Другое говорят и пишут о Михаиле Александровиче. Этот не сочувствовал политике брата и всей своей жизнью зарекомендовал себя, так сказать, демократически. Чуждался блестящей придворной жизни, любил «помещичью» жизнь, литературу, искусство и восхищался английской конституцией. И даже женился попросту (на «разводке» Вульферт, дочери московского адвоката С. А. Шереметевского, и имеет от нее одного сына, Георгия Брасова). Когда ему привезли последний манифест Николая Второго, он категорически отказался принять корону и только после уговоров заявил, что если Дума и народ пожелают, то он примет на себя лишь Регентство, впредь до созыва Учредительного Собрания. Вообще, настолько был корректен, что даже Керенский подошел к нему и сказал: «Вы благородный человек. Я всем и везде дам знать о ваших словах и вашем поведении.» После этого, то есть 3 марта, в Петрограде он подписал следующий акт: «Тяжкое бремя возложено на меня волею брата моего, передавшего мне Императорский Всероссийский Престол в годину беспримерной войны и волнения народа. Одушевленный единой со всем народом мыслью, что выше всего — благо родины нашей, принял я твердое решение в том лишь случае воспринять Верховную власть, если таковая будет воля великого народа нашего, которому и надлежит всенародным голосованием через представителей своих в Учредительном собрании установить образ правления и новые основные законы Государства Российского. Посему, призывая благословение Божие, прошу всех граждан Державы Российской подчиниться Временному правительству, по почину Государственной Думы возникшему и облеченному всей полнотой власти впредь до того, как созванное в возможно кратчайший срок на основе всеобщего, прямого, равного, тайного голосования Учредительное Собрание своим решением об образе правления выразит волю народа.»

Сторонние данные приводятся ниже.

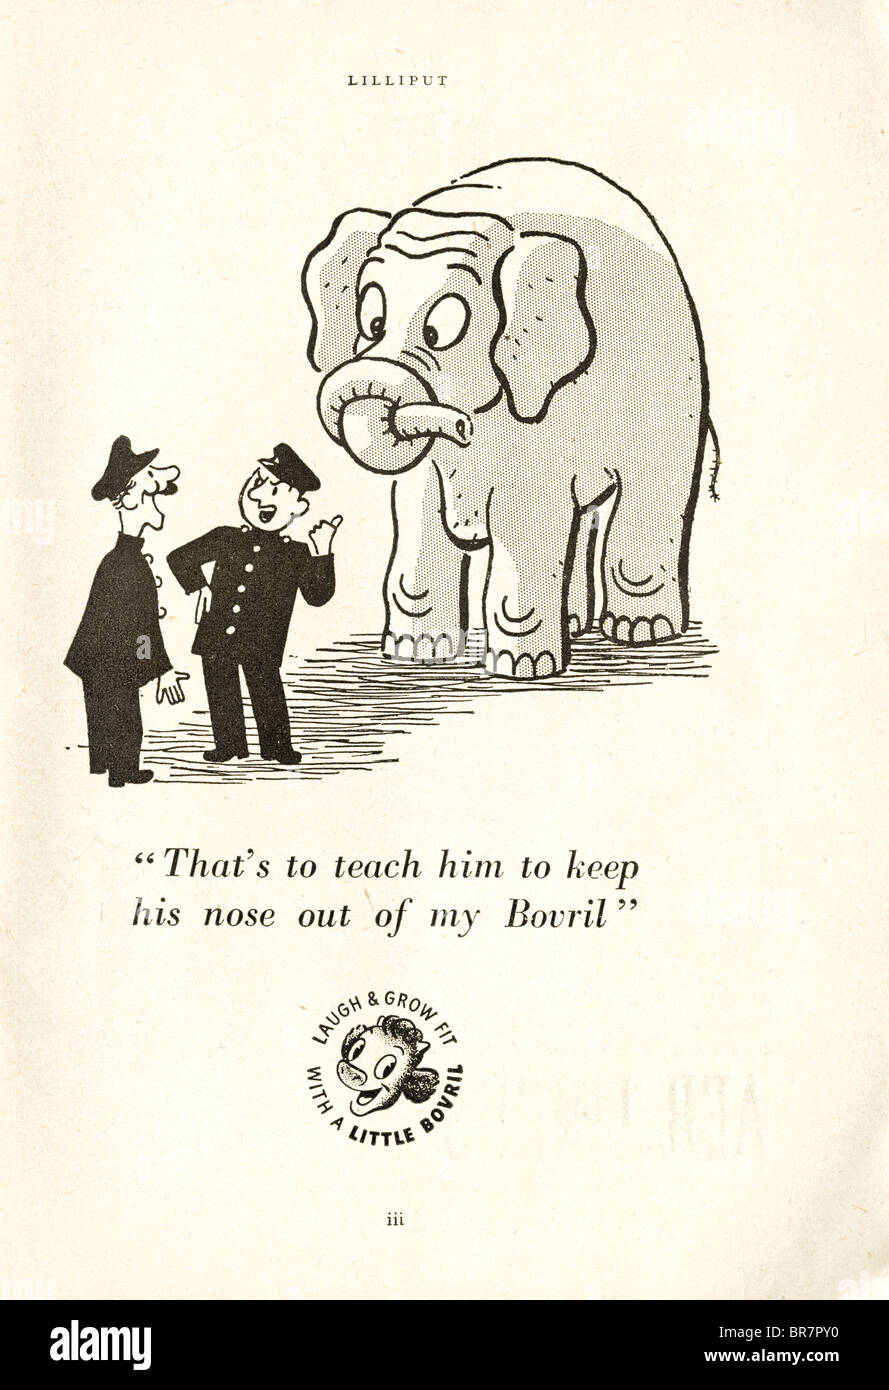 Black and white advert for Bovril inside Lilliput magazine dated November 1947 Stock Photo

Только в одной газете, «Раннее утро», сообщается, что Верх. Глав, опять становится Николай Николаевич. Верить ли?
Ф. И. Родичев назначен министром по Финляндии. Арестованы Гр. В. Н. Коковцев, генерал Ренненкампф, С. Е. Крыжановский и Кульчицкий. Мрозовский признал, наконец, новую власть, но вместо него назначен генерал Н. И. Протопопов.
Добрые вести из Тулы, Киева, Екатеринослава, Одессы, Курска, Владимира, Вятки, Рыбинска, Ташкента, Смоленска, Саратова, Ярославля, Самары, Костромы, Омска и Новочеркасска. Везде свершилось «по-московски», разве только с маленьким провокаторством да с арестами губернаторов и полицейских. В Ревеле не совсем гладко: были беспорядки и разгромы. Московским общественным комитетом объявлена такса (по сортам): пшеничной муки 5 р. 92 к., 4 р. 98 к. и 3 р. 71 к.; ржаной 4 р. 83 к. и 4 р. 20 к. — пуд; мясо — 65 к., 48 к., 35 к.; баранина 60 к. и 70 к. — фунт. Французская фунтовая булка — 20 к.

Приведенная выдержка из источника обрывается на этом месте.